Oh, so maybe (and I'm not sure of this) it might cost some American companies a few bucks up front. Show me the cost-benefit analysis in the long run and I might be impressed. Just about every industrialized country on the planet has some sort of national health plan. Are you telling me U.S. countries can't compete on a level playing field? You don't sound like an advocate of a free market place to me, Paul. And you, not me or that "socialist" Barack Obama, underestimate America.
* Oddly, you never see truck-loving Canadians in a Toyota Tundra. They like American trucks. That's because American trucks are better.

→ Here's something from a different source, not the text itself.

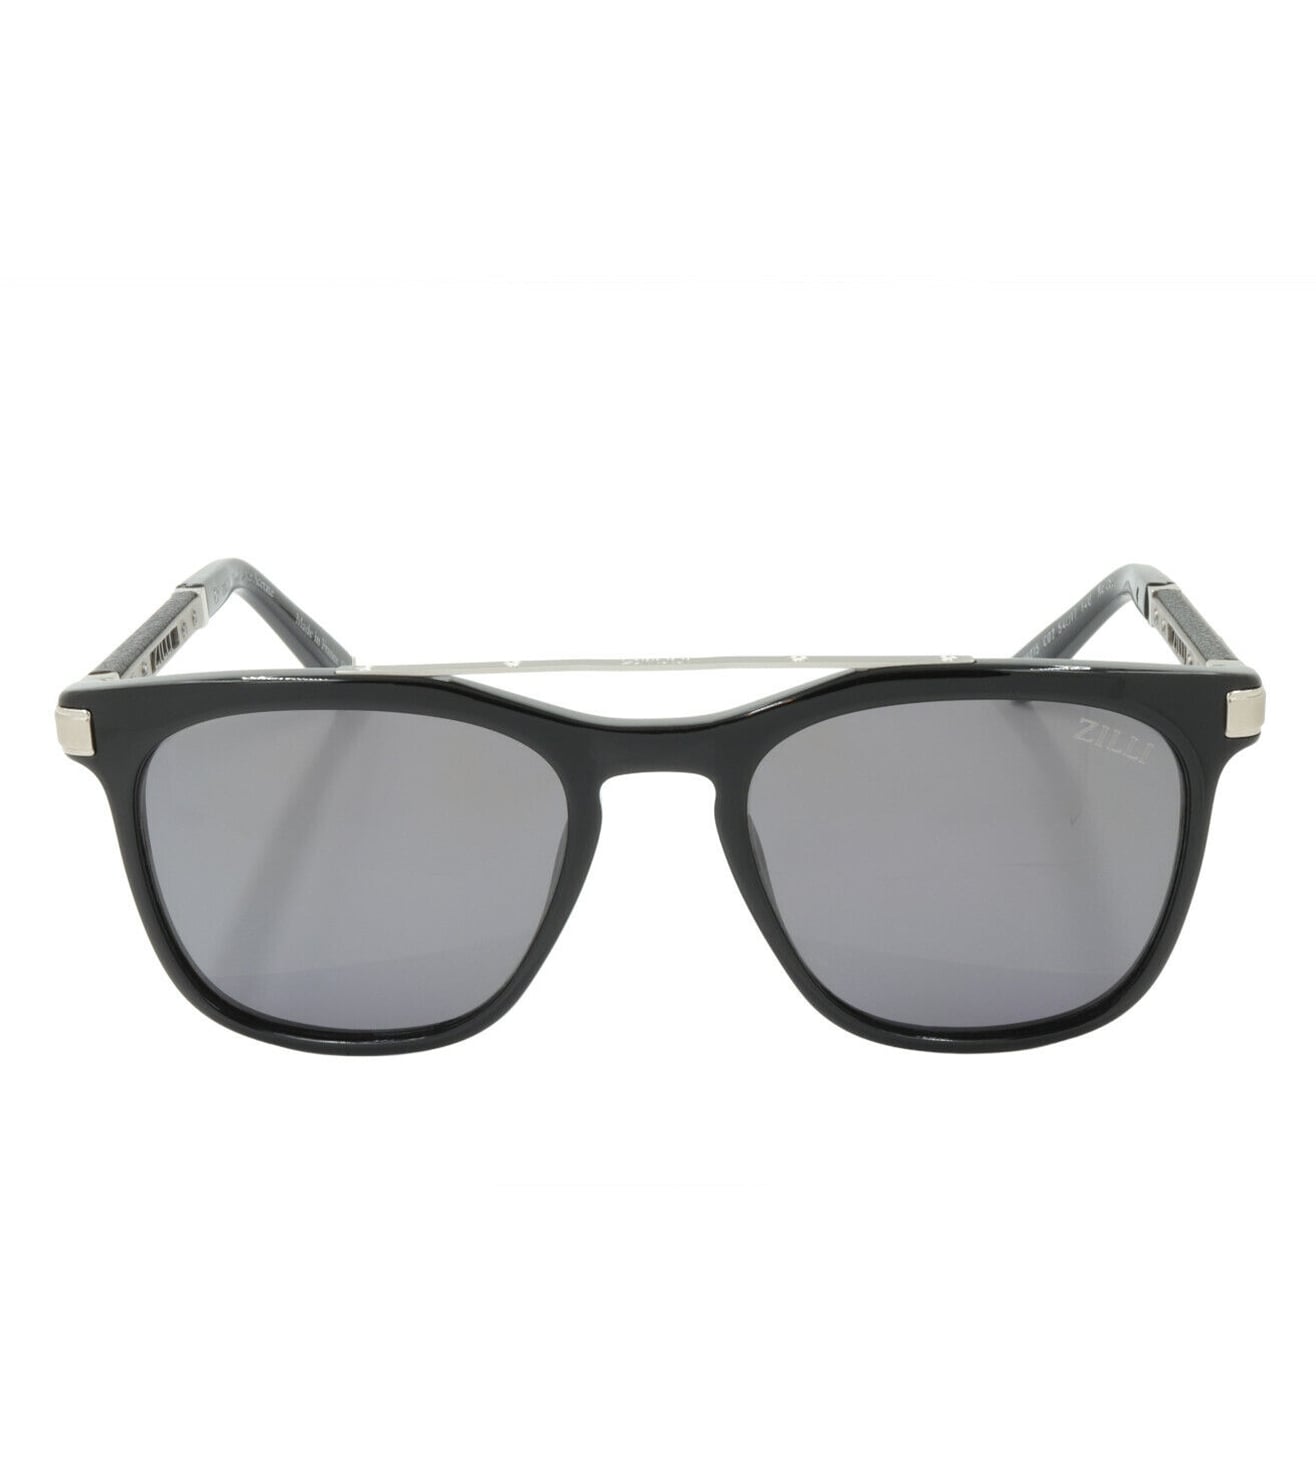 Zilli Men's Grey Square Sunglasses

John, let me just ask you...
Is there any limit to how much taxation the U.S. government can impose?
Is there anything that the federal government can't tell its citizens to do?
And, are you asserting that AT&T did not in fact report that Obamacare would cost them $1 billion?
I don't know what is scarier, that democrats didn't anticipate the effect of this tax code change (or at least the PR effect), or that ATT was double dipping at the tax payers expense to the tune of 1 billion dollars?
I think if the government is subsidizing healthcare through the private sector, it should at least subsidize small and medium business in addition to giant corporations. The sad thing is the tax code change still keeps the unequal subsidies, it just doesn't let ATT get those subsidies tax-free anymore.
I can understand the shock congress seemed unprepared for these consequences. It smacks of incompetence. However, I am baffled people who are fiscal conservatives are lamenting the loss of this 1 billion dollar corporate welfare giveaway.
This seems like sensible and prudent reform that weans corporations from getting special welfare from the tax payers.